Lemaire channels quiet luxury with cinematic tailoring and sheer layers
Lemaire’s SS27 turned sheer nylon, pleated trousers and featherweight tailoring into quiet luxury with movement. It looked made for late dinners, travel and rooms that prefer restraint.

Lemaire sent out Spring/Summer 2027 as a study in translucence, pleats and soft-focus tailoring, the kind of clothes that do not shout but still make a room turn. The collection moved with a cinematic ease, built on featherweight layers, roomy pleated trousers and a sensual finish that made quiet luxury feel less like a slogan than a mood.
The house showed the lineup on June 24 at 12:30 during Paris Men’s Fashion Week, part of an official calendar that ran from Tuesday, June 23 to Sunday, June 28, 2026. That slot sat inside a packed menswear week with Louis Vuitton, Dior Homme, Rick Owens, Amiri, Yohji Yamamoto, Dries Van Noten, Givenchy, Hermès and Celine all in the mix, which only made Lemaire’s restraint look sharper. In a season crowded with spectacle, Christophe Lemaire and Sarah-Linh Tran leaned into composure.

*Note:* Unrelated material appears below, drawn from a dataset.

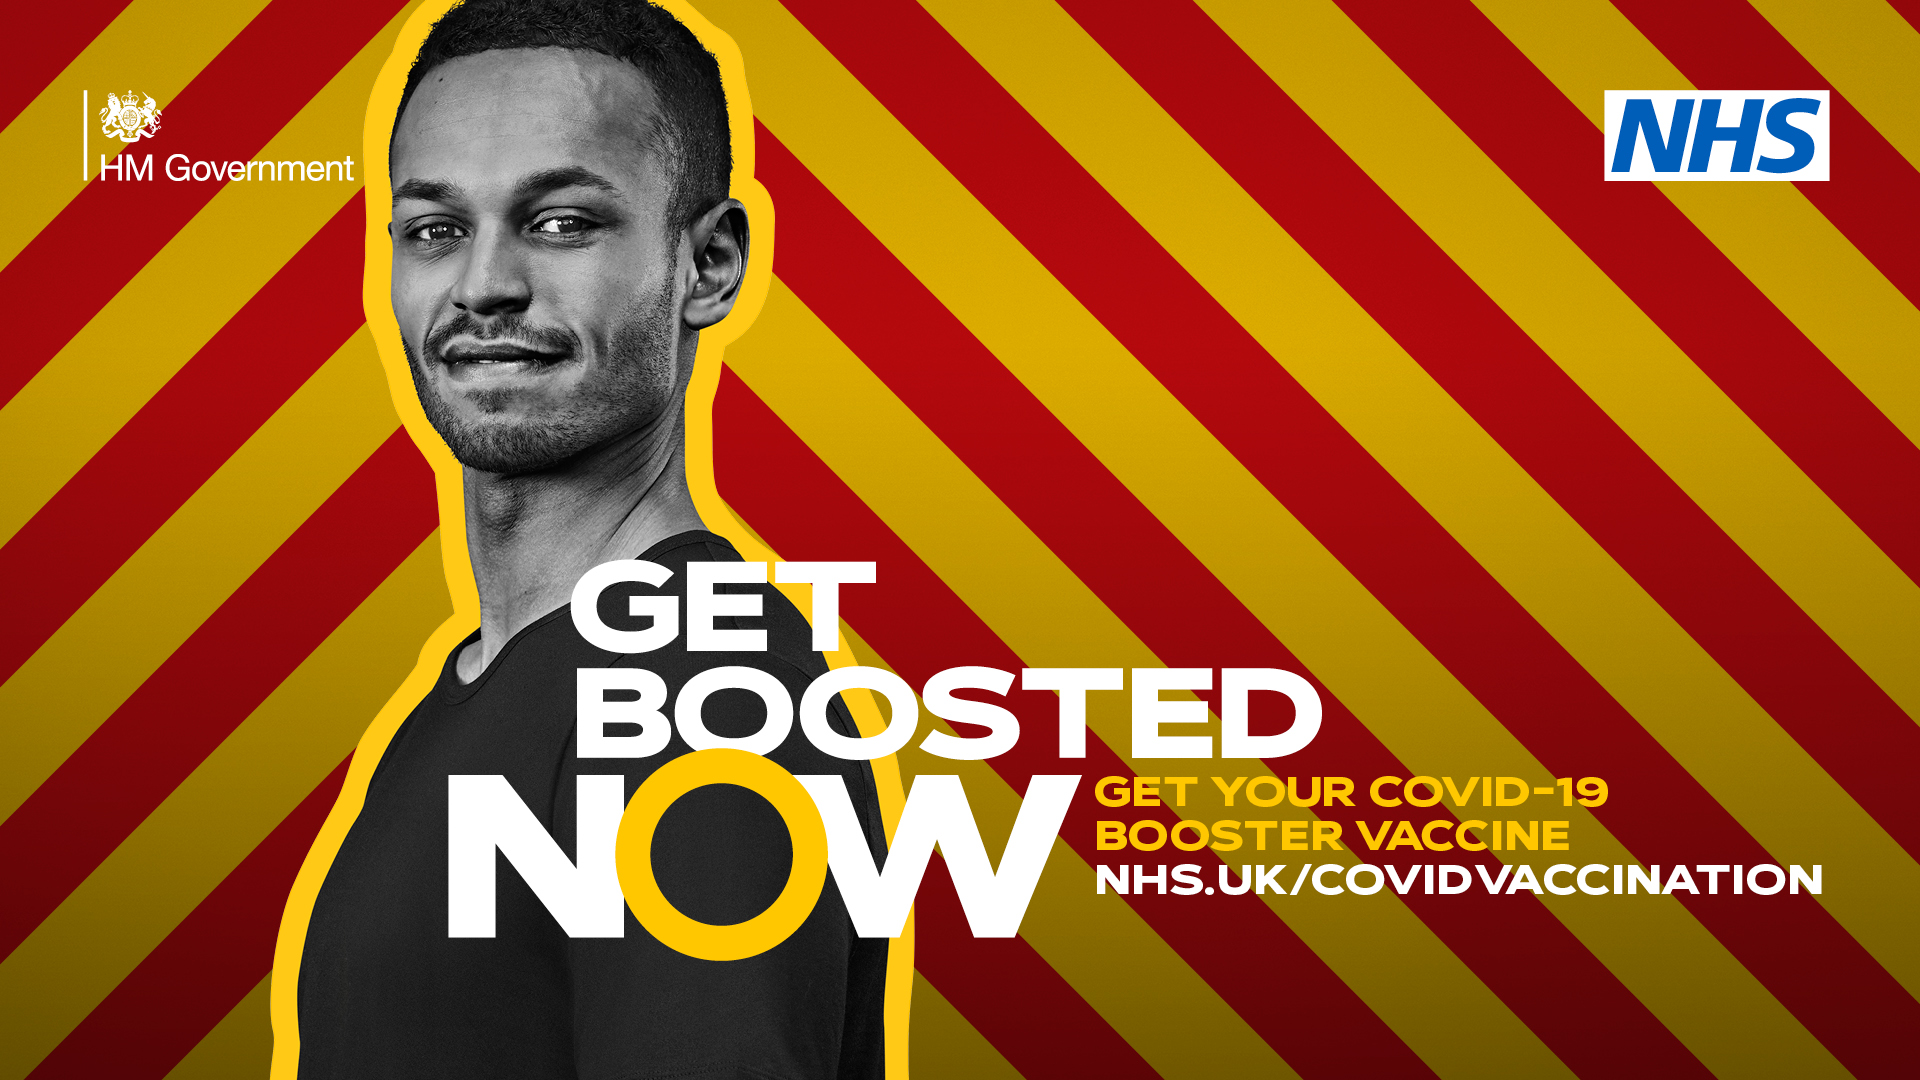 get boosted campaign poster

The brand says the season "harvests a world of eclectic things," and that idea showed up in the clothes without turning messy. The house also frames the collection around a renewed sense of idealism and curiosity, shaped by "searching and gathering unexpected references" so individuality comes through exploration, collecting and transformation. That gives the show its intelligence. Nothing felt overworked; everything felt chosen.

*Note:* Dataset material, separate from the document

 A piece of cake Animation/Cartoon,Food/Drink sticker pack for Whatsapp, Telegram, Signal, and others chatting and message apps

The strongest pieces lived in the textures. On the menswear side, garment-dyed cotton mimicked oxidized copper, shantung tailoring kept its polish without feeling stiff, and yukata-inspired wrap shirts brought a loosened, almost travel-ready elegance. Lightweight leather Mandarin jackets, sheer nylon, cotton voile and cotton mesh kept the surface alive, while soft defined shoulders stopped the silhouette from collapsing into mush. The womenswear leaned harder into 1970s romanticism, with oxblood, chalk, vivid red and warm wood, plus lacquered bark motifs, poplin, linen, viscose and sporty jersey details that gave the softness some bite.

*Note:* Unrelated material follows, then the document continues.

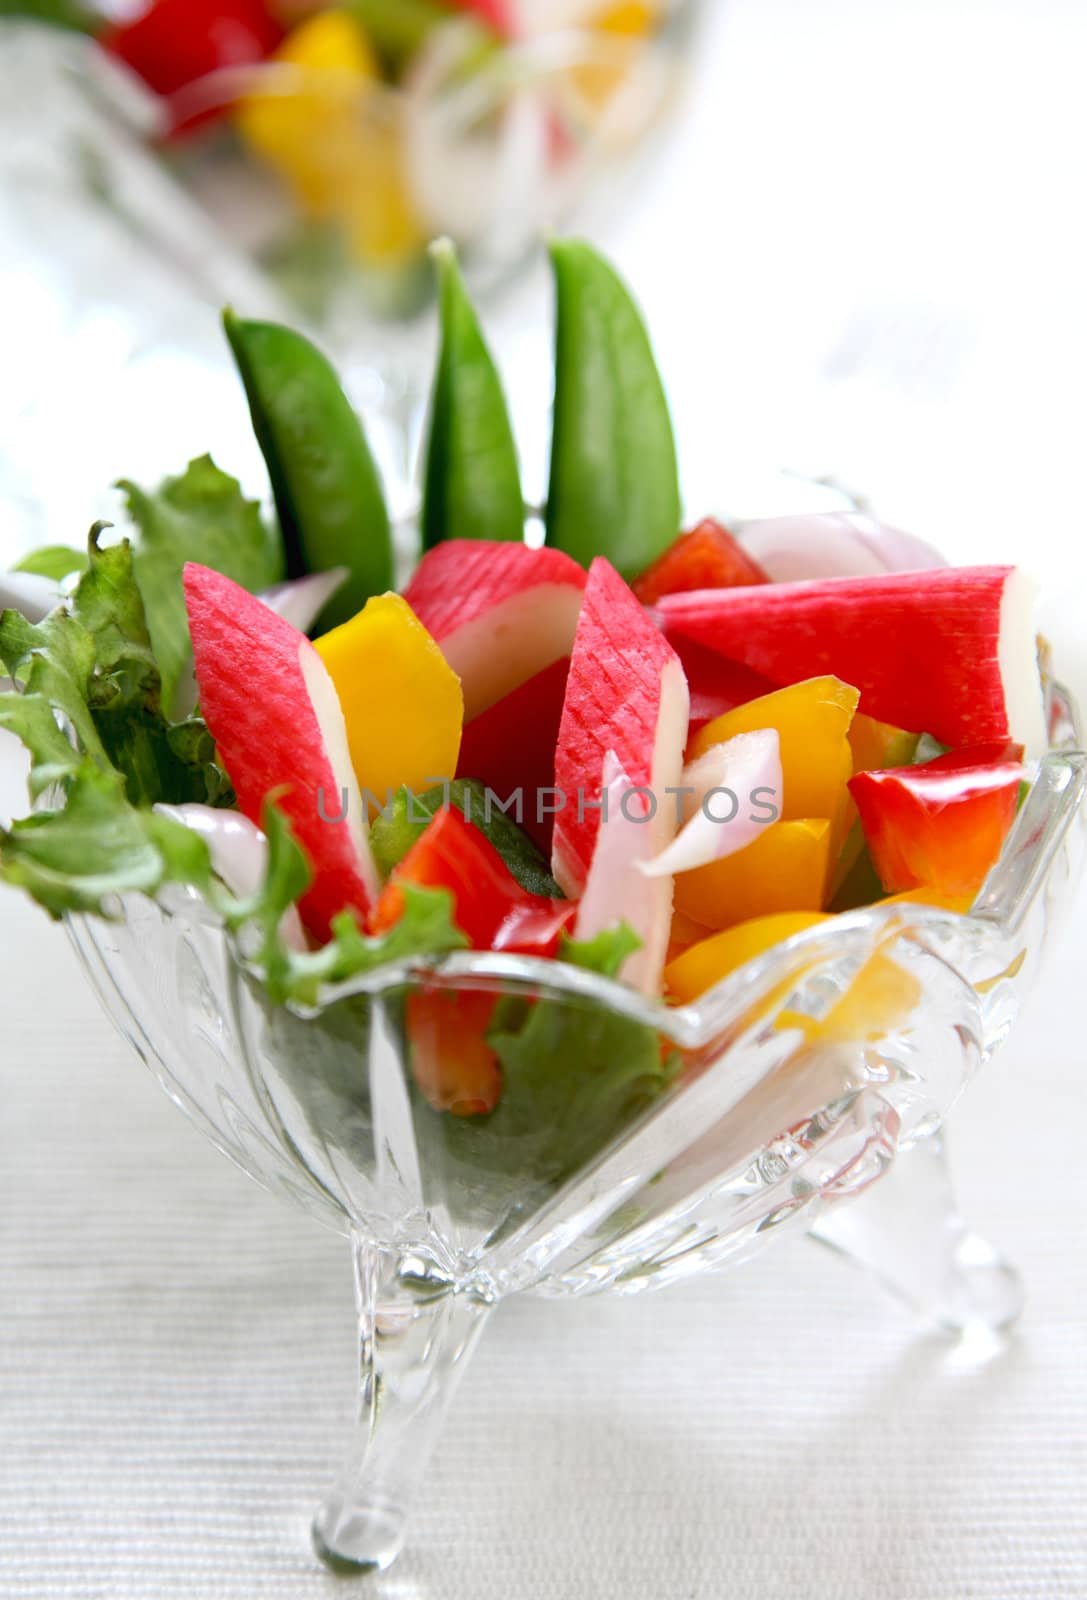 Crab stick with pepper and lettuce salad by vanillaechoes

Claudine Wick’s dreamlike paintings of bodies, birds, flowers and hands added another layer of sensuality, and that matters because Lemaire has always worked best when art, fabric and function meet in the same frame. Led by Christophe Lemaire and Sarah-Linh Tran, the house keeps pushing its balance of form and function for everyday life, which is exactly why this collection lands beyond the runway. The lesson is simple: if you want old-money polish without stiffness, borrow the movement, the transparency and the texture, then let the clothes breathe on summer nights and long flights.